● Recorded information:
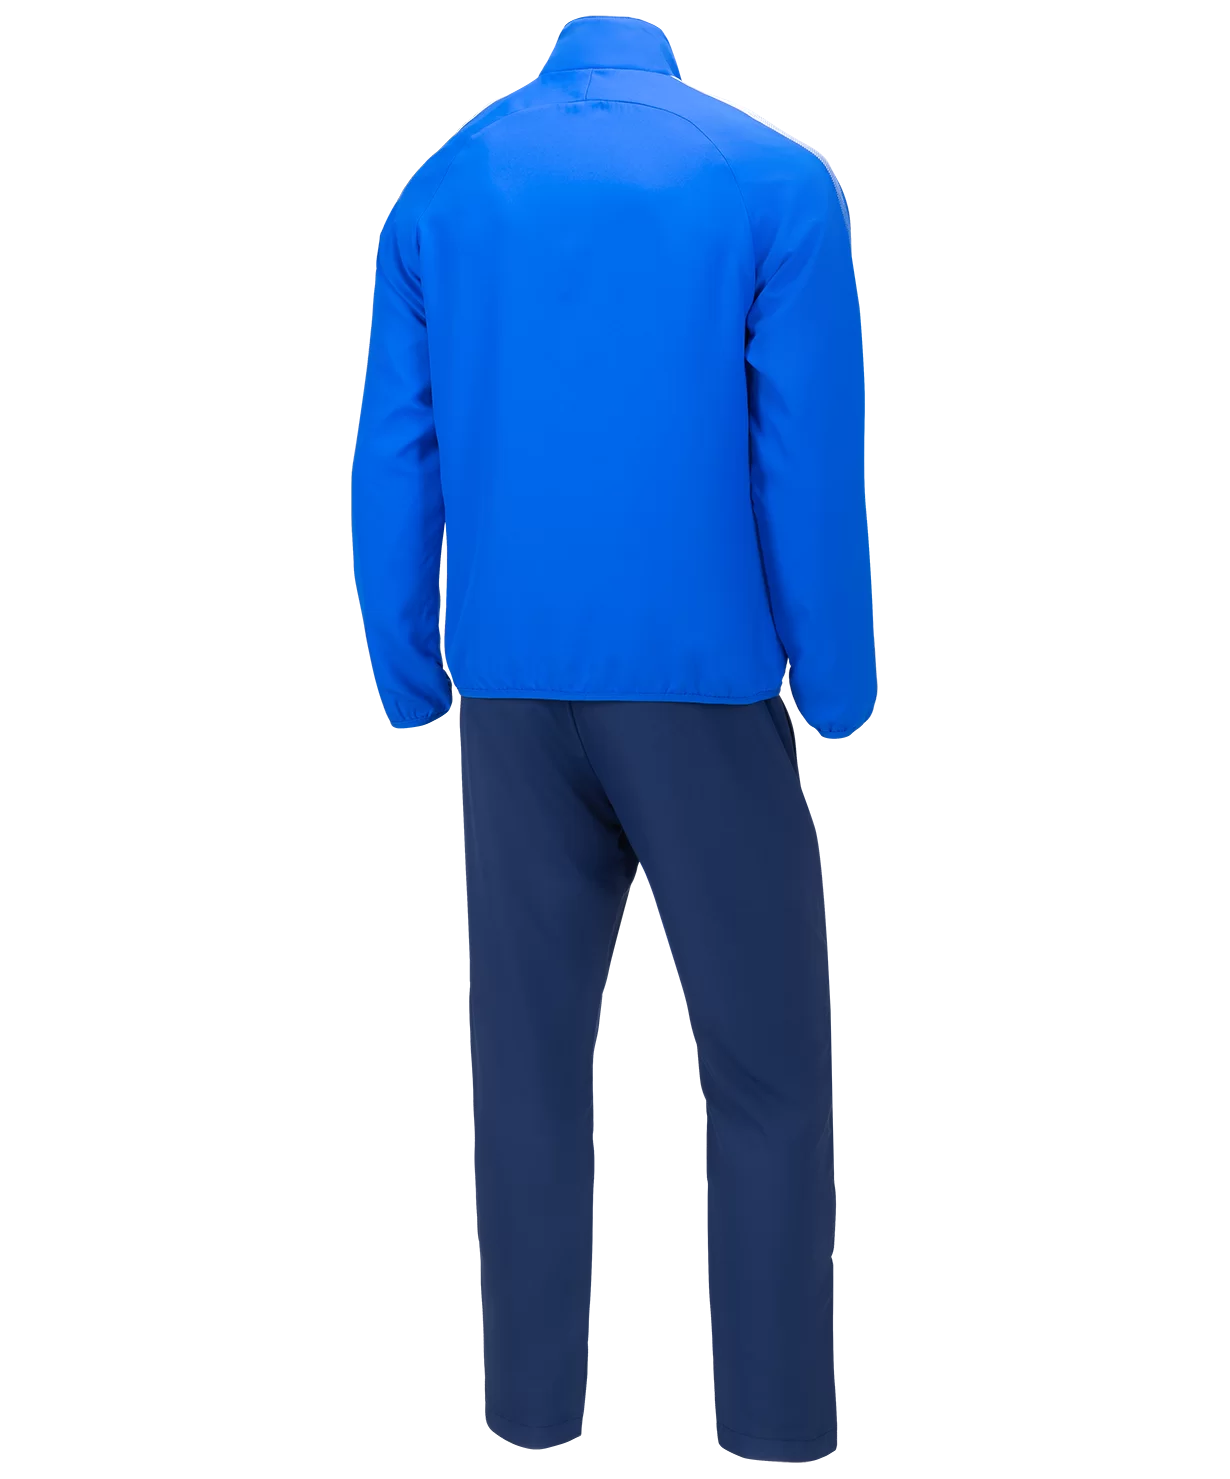 Реальное фото Костюм спортивный CAMP Lined Suit, синий/темно-синий Jögel от магазина СпортЕВ
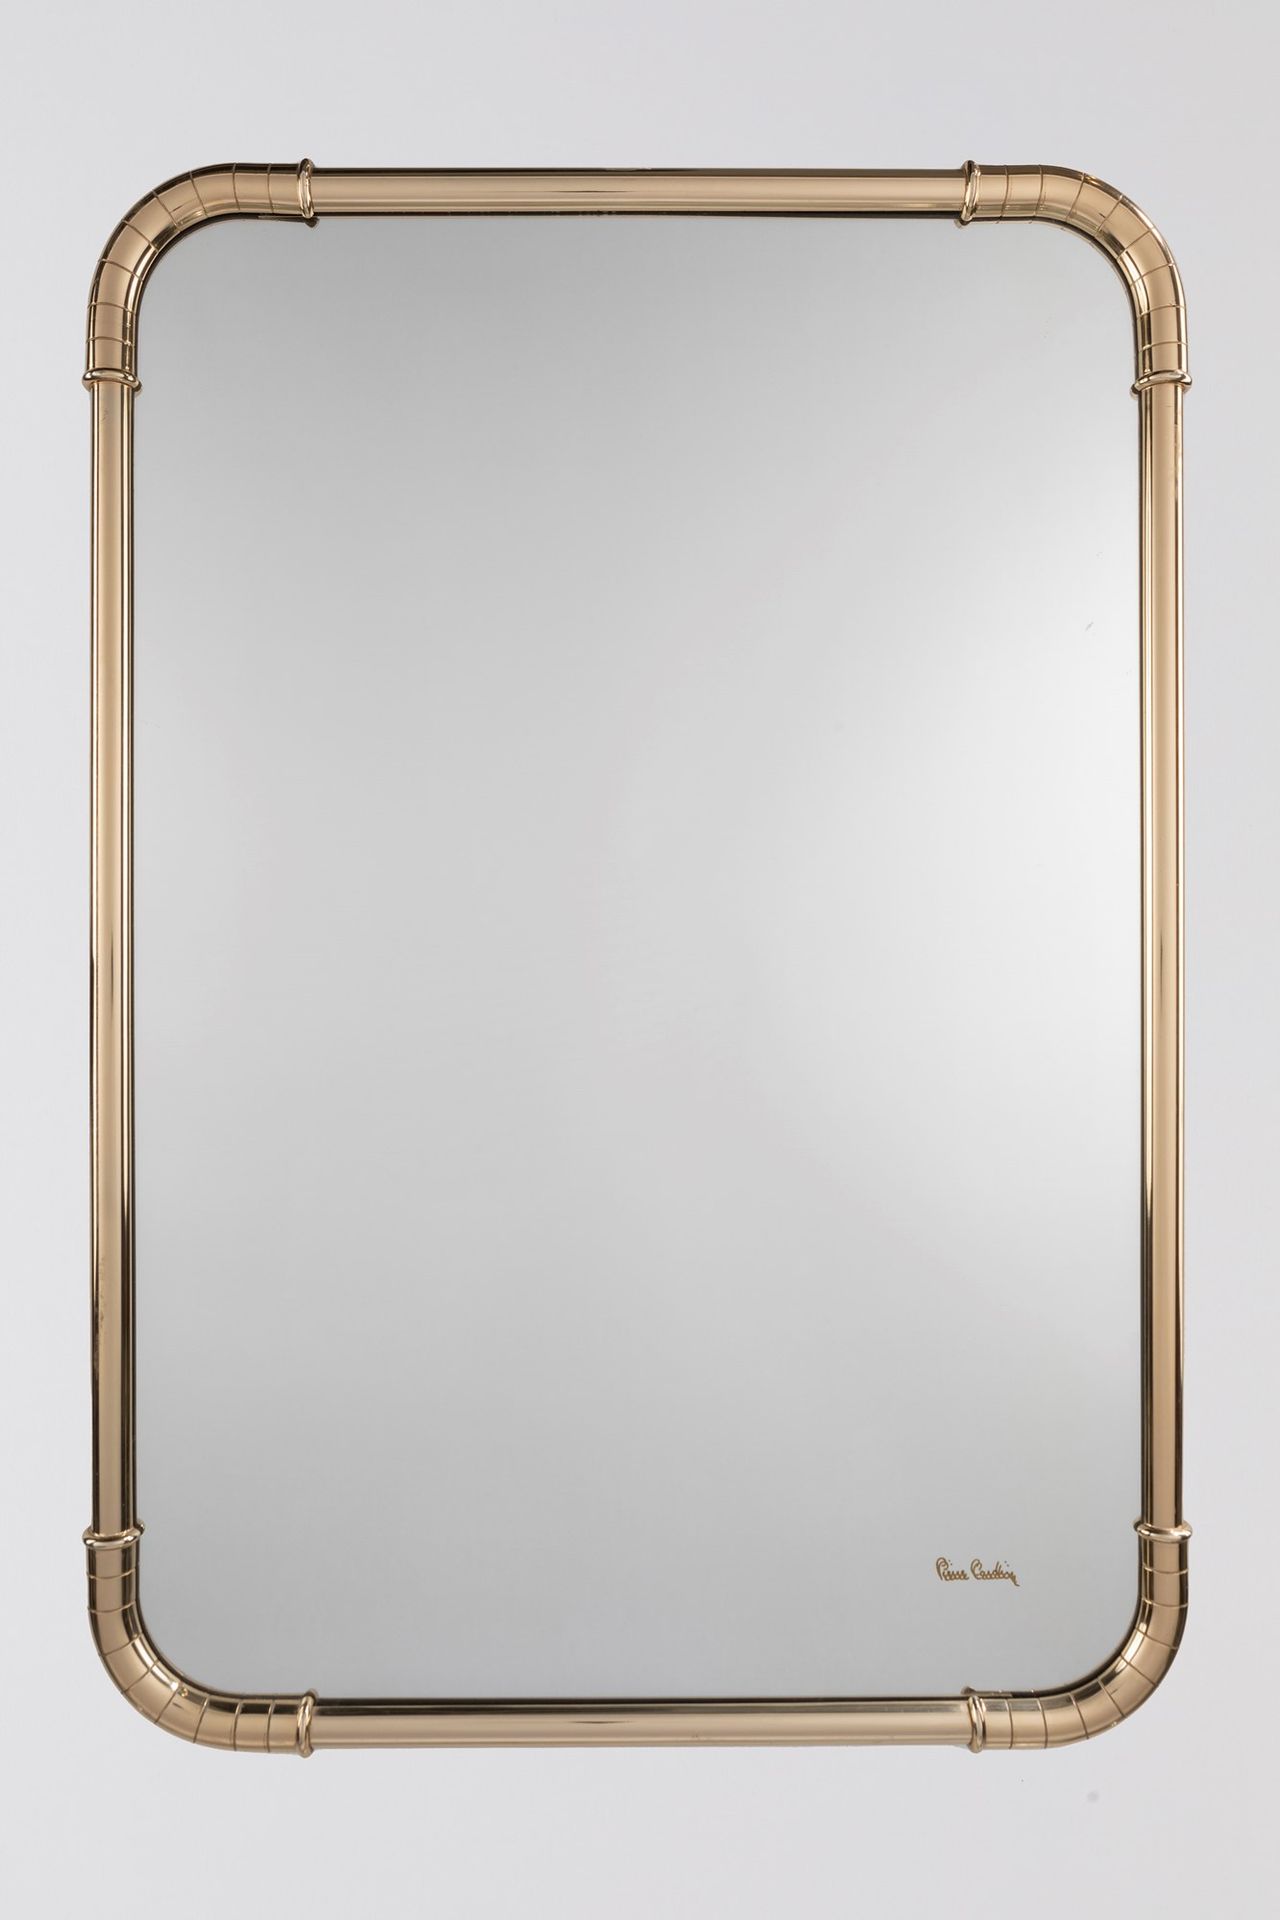 PIERRE CARDIN Miroir, 1970 env.

H 65 x 95 cm
avec cadre en laiton. Signe origin&hellip;

● Work to complete: Reproduce the listing above exactly, excluding all pictures.

● Solution:
 Реальное фото Костюм спортивный CAMP Lined Suit, синий/темно-синий Jögel от магазина СпортЕВ
 PIERRE CARDIN Miroir, 1970 env.

H 65 x 95 cm
avec cadre en laiton. Signe origin&hellip;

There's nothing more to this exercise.